Welcome to Next in Tech, an S&P Global Market Intelligence podcast with the world of emerging tech [indiscernible]. I'm your host, Eric Ansel, Principal Research Analyst for the 451 Research arm of S&P Global Market Intelligence. And today, we're going to be taking more serious turn and heading into information security topics around the conflict in Ukraine. And I've got 2 returning guests with me, Scott Crawford and Johan Vermij from our security team. Gentlemen, welcome back to the podcast.

Scott Crawford

Thanks, Eric. Good to be here.

Johan Vermij

Thanks, Eric. Same here.

Eric Hanselman

So I want to start off with, I think, the question that as information security professionals, we've all really been dealing with, which is how is the conflict in Ukraine really change the information security landscape?

Johan Vermij

I think the first lesson is probably that it's different from what we envisaged as Cyberwarfare. I think we expected a massive cyber campaign to unfold like we saw with preceding events in Tallinn in 2007, in Georgia 2008, and the BlackEnergy attacks on utilities in Ukraine in 2015. And during the past weeks, we've seen some efforts with new types of malware, for instance, but not quite the effort that we expected.

Eric Hanselman

Well, I think that's -- you raised a really interesting point is that we do have some experience with sort of global conflict. I know Scott and I were talking earlier about the term that seems to have gained a lot of popularity, which is the idea that of conducting hybrid war in which some level of Cyberattack campaign is part of that.
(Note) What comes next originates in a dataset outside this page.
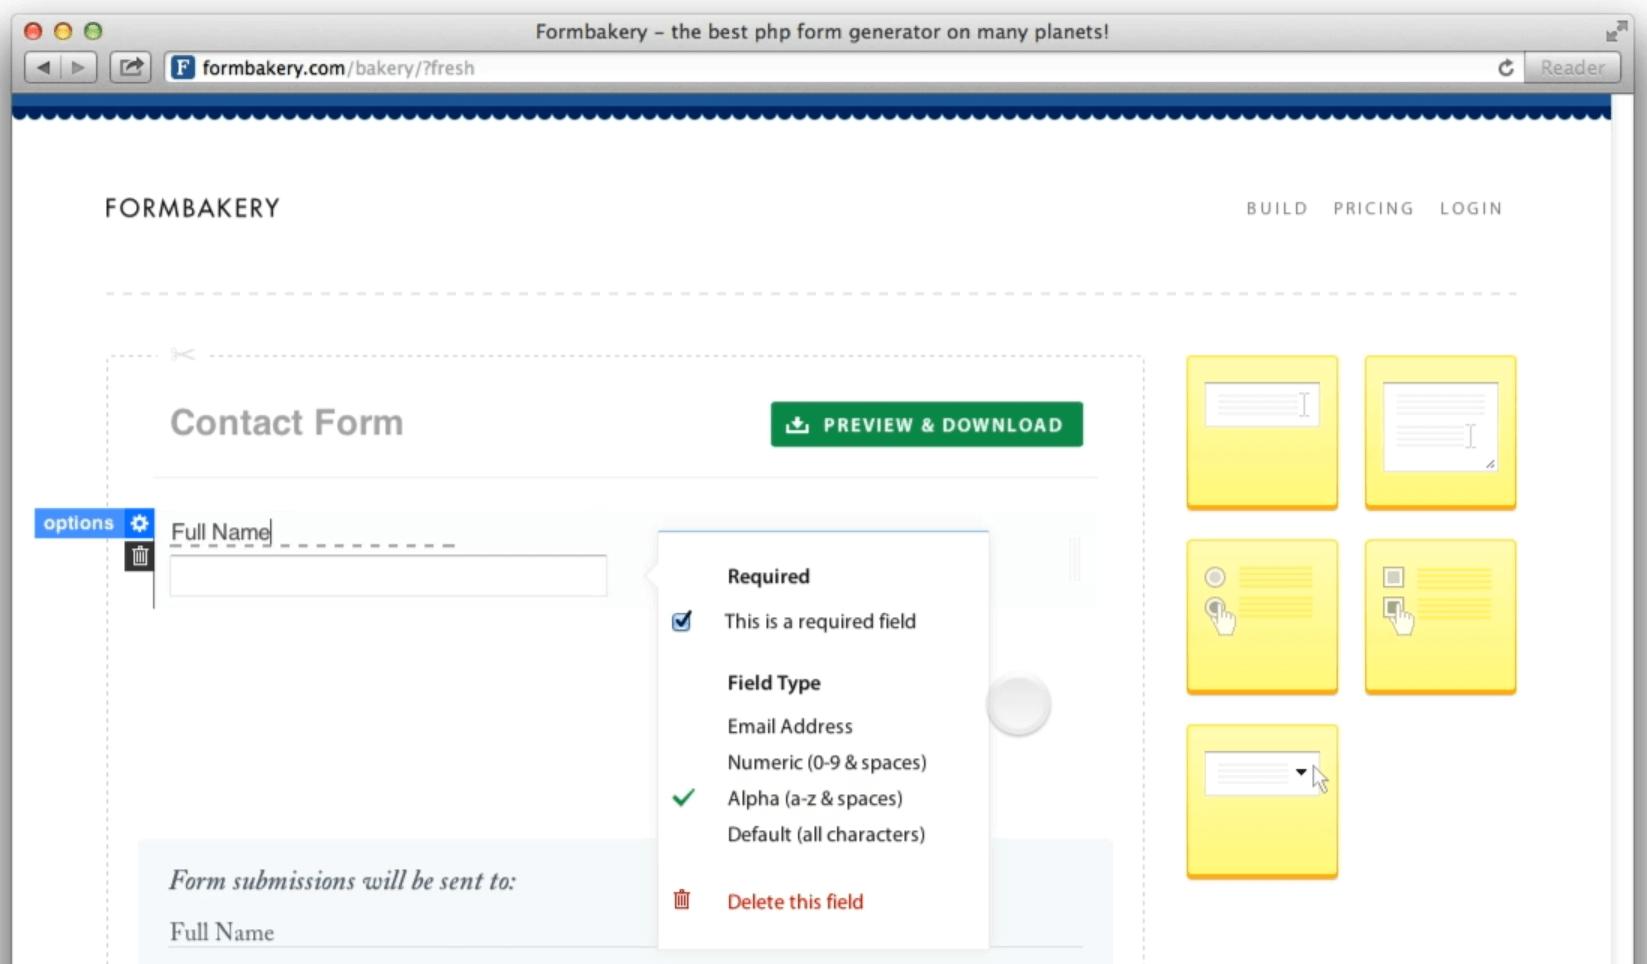 HubSpot-Formular-Designer-Formbakery

Though in the Ukrainian conflict to your point, I think a lot of us in the information security side expected there to be a lot more supporting cyber activity that was taking place and maybe that's mostly directed specifically.

And maybe, in fact, these are resources that are being used towards social engineering, other kinds of messaging, other aspects of that. But the needle does not seem to have left up to the extent that I think many of us were concerned about.

Johan Vermij

Yes. I think many of us have been concerned about the APTs that were suspected to be liaised to Russia joint forces. And Conti, as a group, they declared Allegiance to Russia, but that didn't age well as they were immediately cracked from the inside out.

Eric Hanselman

Well, and that's actually something that we should provide a little background. You're talking about there are a whole set of threat actors there that are apparently independent from direct nation state involvement. And the thought is that in many cases, the sort of the expectation was that while they may be independent.

They may have ties. They may have specific allegiances and the Conti crew out there actually seemed to wind up being on the receiving end of a lot of sort of overall underworld and, I guess, attacker community concern that got leveled at them.

Scott Crawford

Yes, let me jump in here and just note that one of the issues that poses some difficulty with respect to anticipation of activity in this sphere is that it is unpredictable. There -- we do have intelligence on threat actor activity and certainly some of the threat actors that we've seen active in the past that do have relationships geographically in terms of business interests and so on.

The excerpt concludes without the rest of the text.